*REQUIRED ACTION*:
Please set down the data word for word; images do not go in the copy.

*GIVEN DATA*:
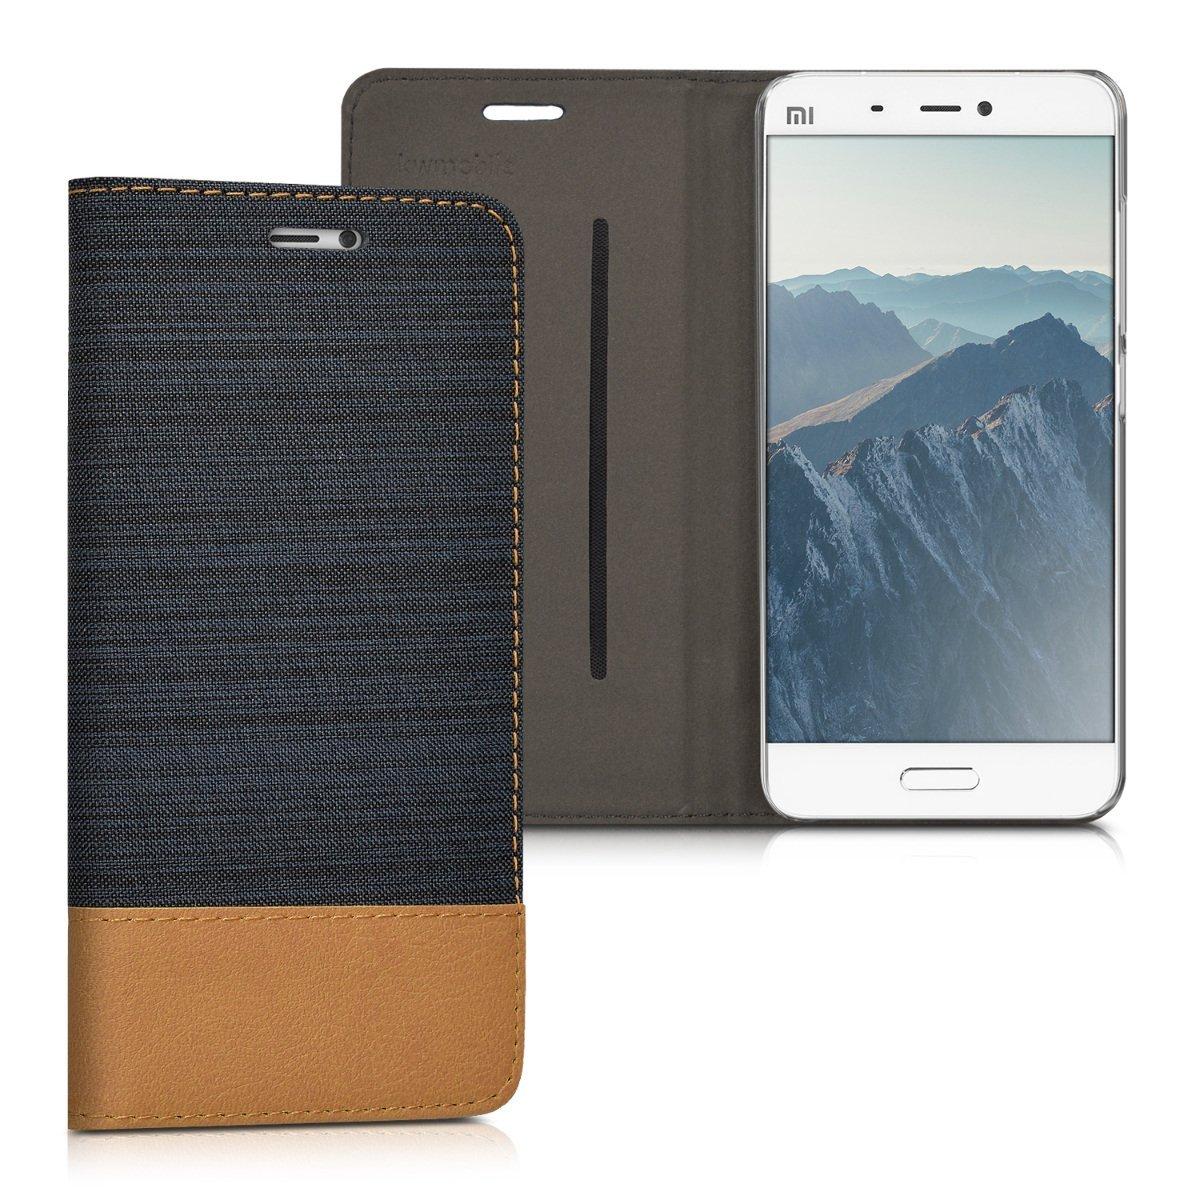 KW Θήκη - Πορτοφόλι Xiaomi Mi 5 - Dark Blue/ Brown (38215.17)
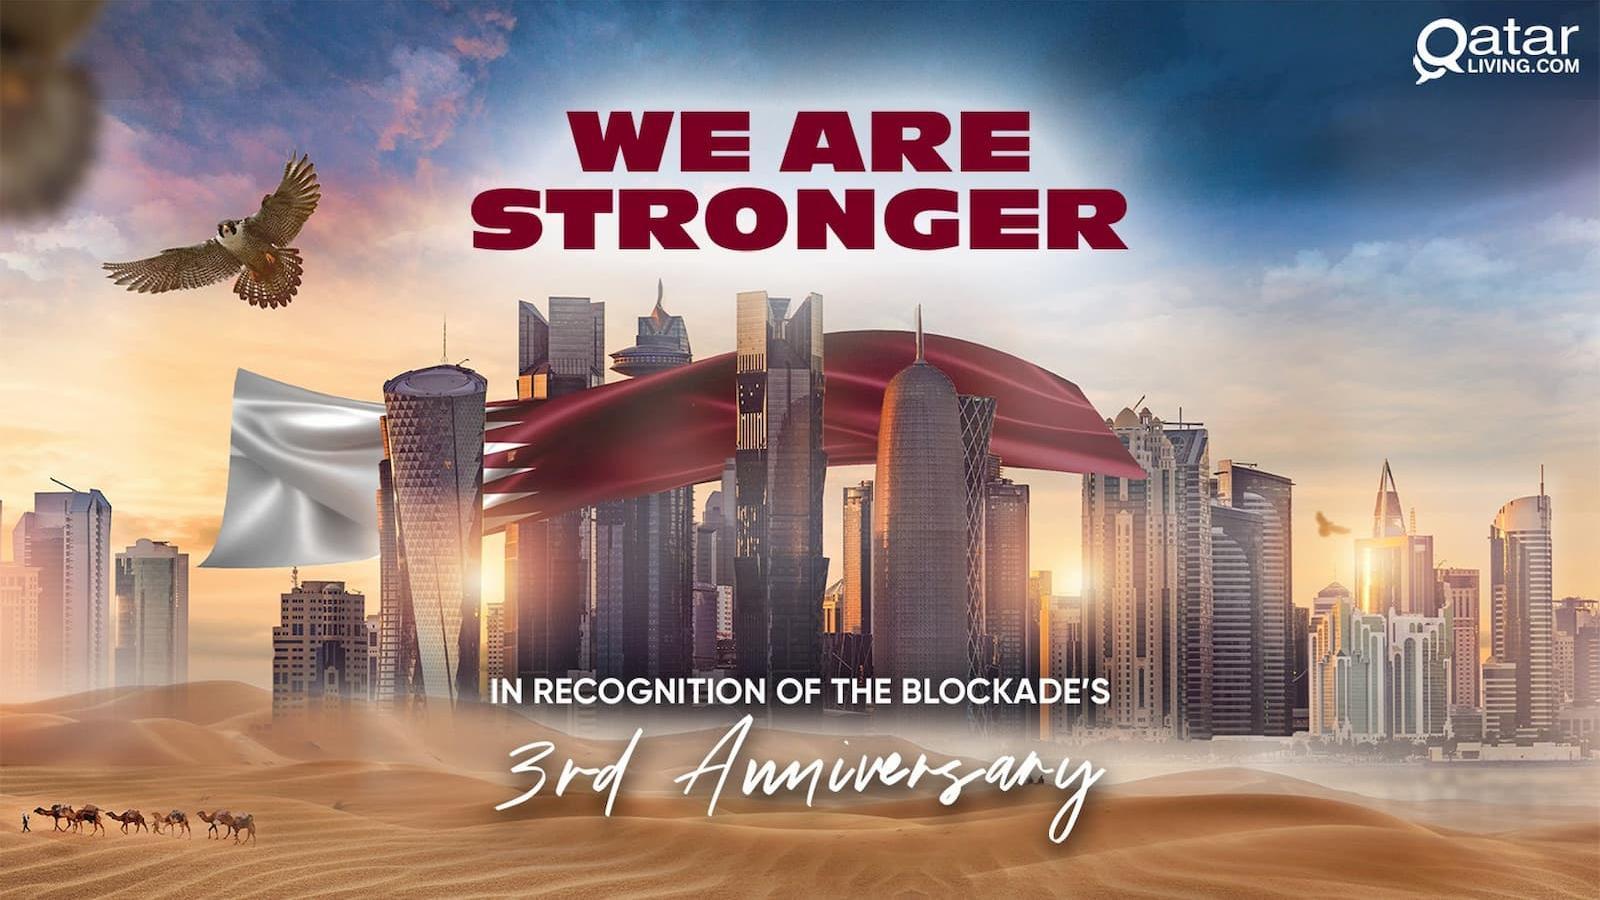 WATCH: Blockade - three years on, Qatar marches forward with dignity, self-reliance
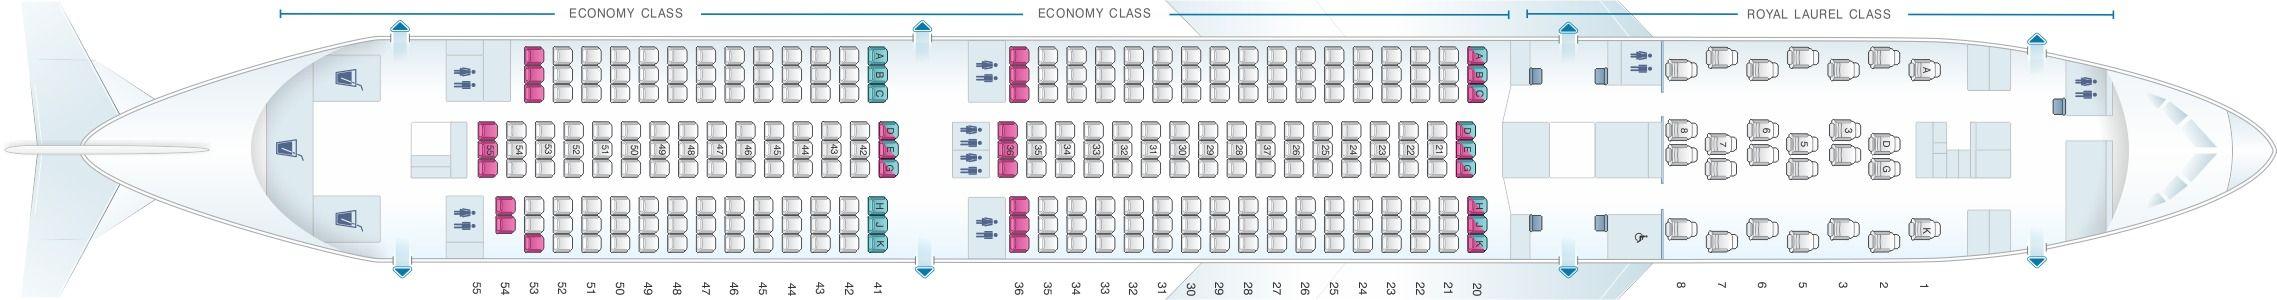 EVA Air Fleet Boeing 7879 Dreamliner Details and Pictures
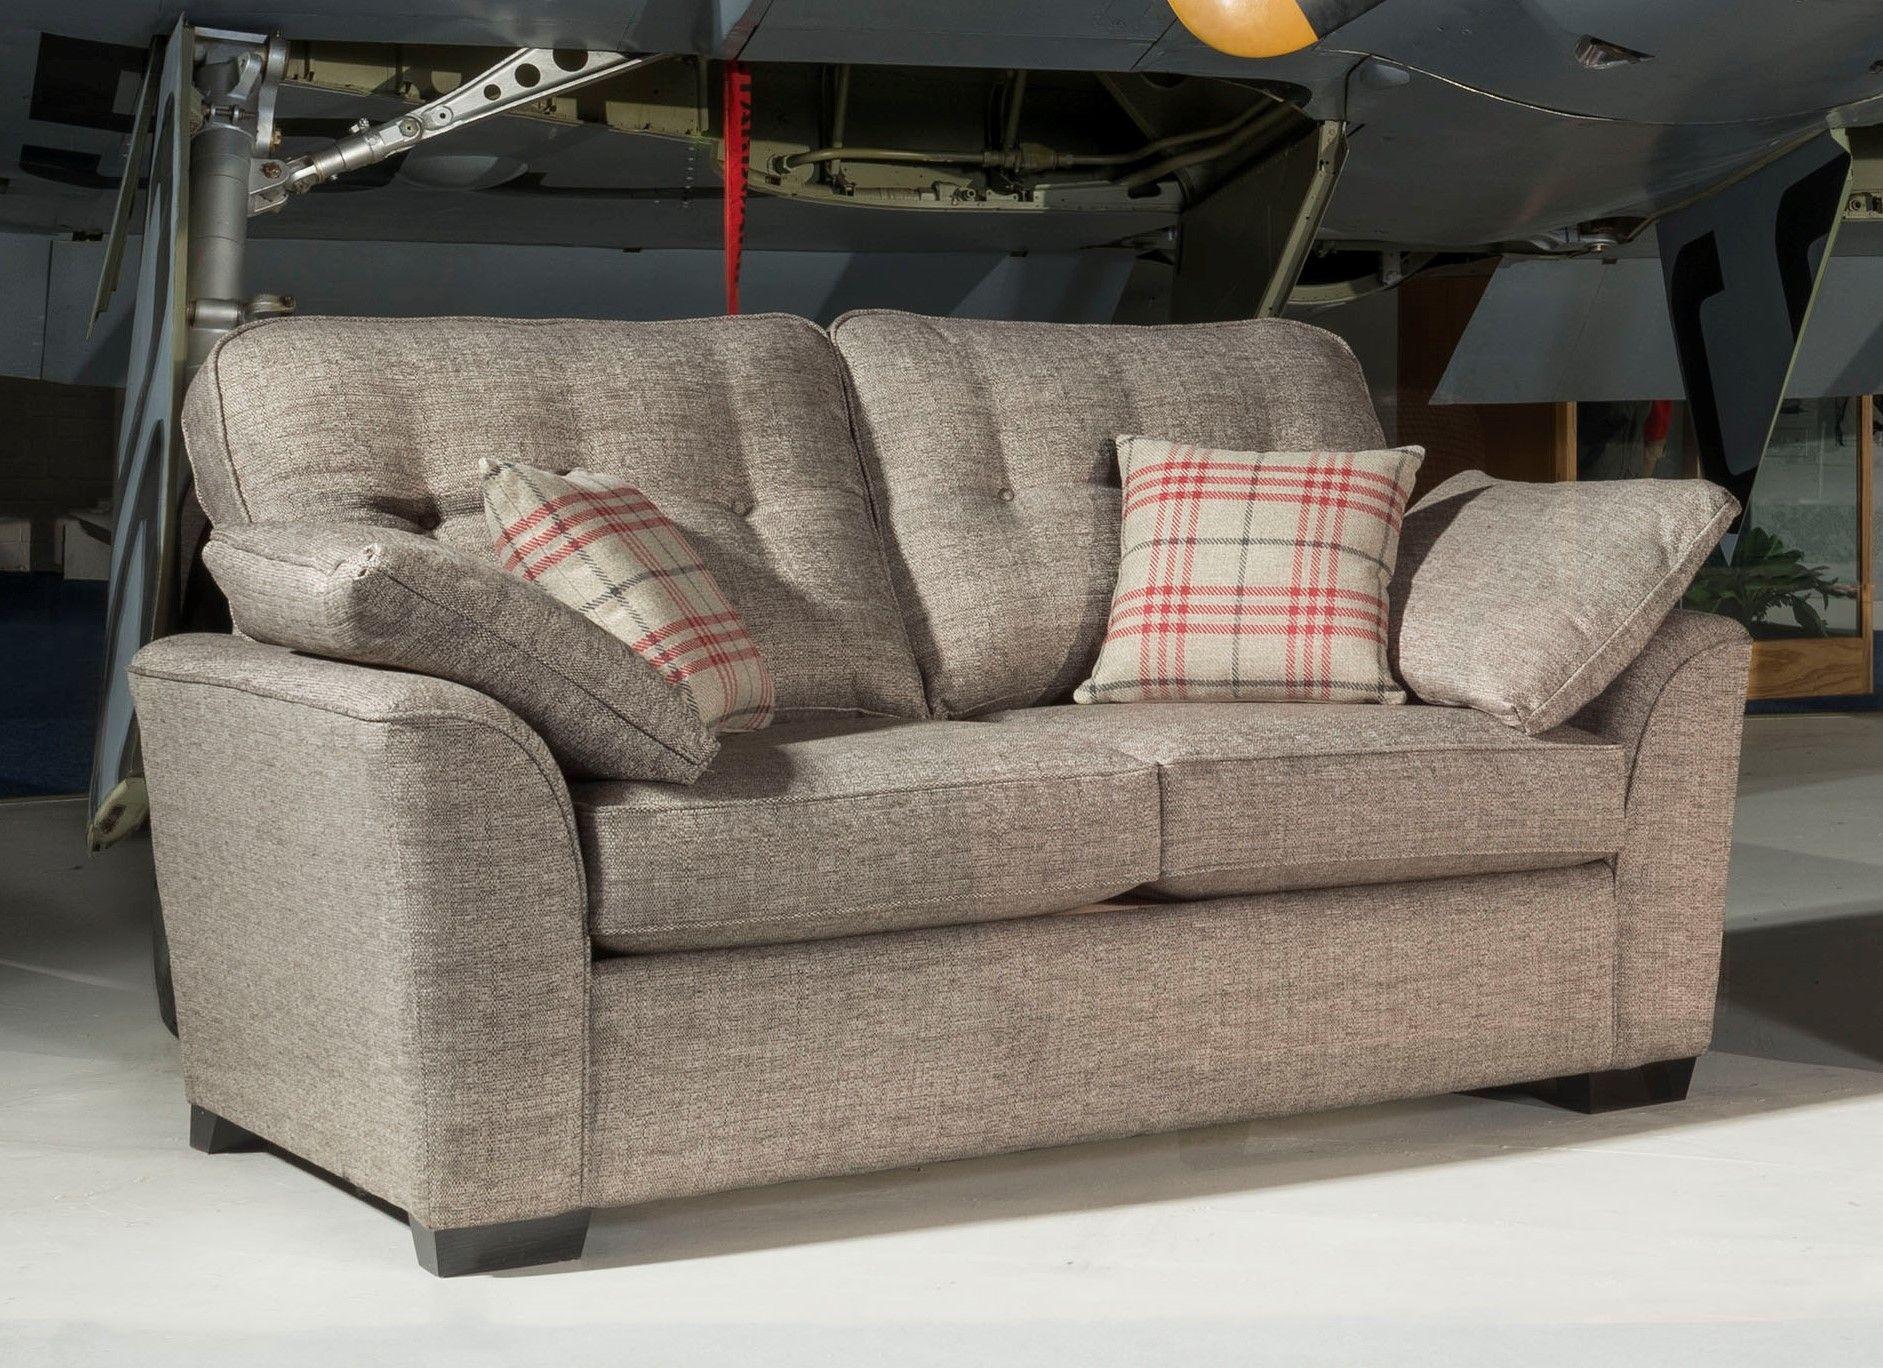 sofa beds naples florida kirkland dog bed uk alstons tempest 3 seater medium sofas living homes

*PROBLEM SOLUTION*:
 KW Θήκη - Πορτοφόλι Xiaomi Mi 5 - Dark Blue/ Brown (38215.17)
 WATCH: Blockade - three years on, Qatar marches forward with dignity, self-reliance
 EVA Air Fleet Boeing 7879 Dreamliner Details and Pictures
 sofa beds naples florida kirkland dog bed uk alstons tempest 3 seater medium sofas living homes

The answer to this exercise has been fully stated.